Alaba Jonathan (born 1 June 1992 Calabar, Nigeria) is a Nigerian footballer who plays as a goalkeeper for Pelican Stars.

== Career ==

=== Development ===
Alaba Jonathan began her career in the youth of the Navy Angels. After she failed to qualify for the senior team of the Navy Angels, she moved to the Pelican Stars in spring 2010 where she remains under contract.

=== National team ===
Jonathan is a member of Nigeria's national team and has played at least once for the team. Jonathan represented her home country as a third goalkeeper at the 2011 FIFA Women's World Cup in Germany. Previously in 2010, she participated in the U-20 World Cup for the Nigeria U-20's.

She was shortlisted by coach Thomas Dennerby to be among the 27 women's team that will feature in the 2019 Fifa Women's World Cup in Austria.

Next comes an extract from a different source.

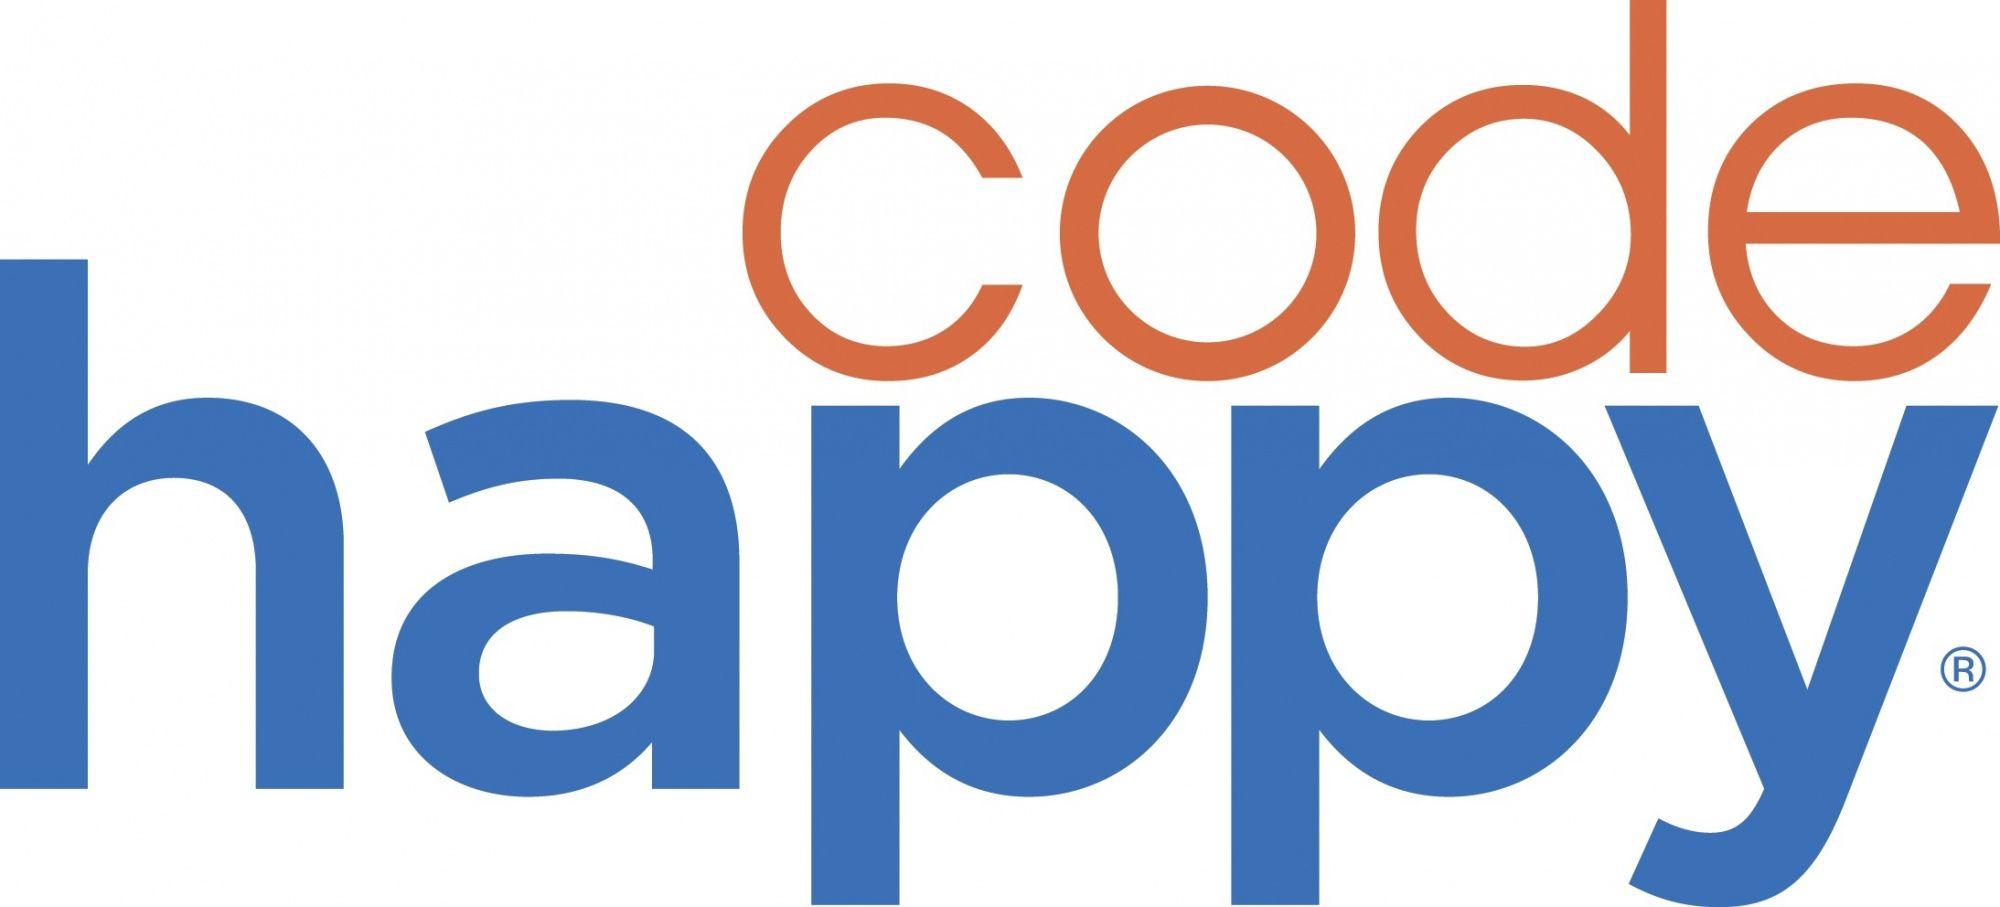 Начните рабочий день в одежде Code Happy!

== International career ==
Alaba Jonathan was in goal as the Falconets reached the final of the 2010 FIFA U-20 Women’s World Cup in Germany.
It was the first time an African team would play in the final of a major FIFA women’s tournament, a feat the Falconets repeated in 2014 in Canada.
Alaba went on to feature for the Super Falcons and was in goal when the team won the Africa Women’s Cup of Nations in Cameroon in 2016.

Senior Level & Super Falcons:

Nigeria’s Super Falcons on Saturday emerged African champions with a hard-earned victory over Cameroon. The Falcons’ 1-0 defeat of the Lionesses ensured that they retained the AWCON title they won two years ago. The match proved to be a particularly stern test for the Nigerian team. The Cameroonians created several chances; goalkeeper Jonathan Alaba was called to action on a number of occasions, as the Lionesses tried in vain to break the deadlock

== Club career ==
Bayelsa Queens FC: Super 4 champion and Bayelsa Queens goalkeeper Alaba Jonathan says her performance during the competition was her response to questions whether she was ready for a bigger role as a national team player.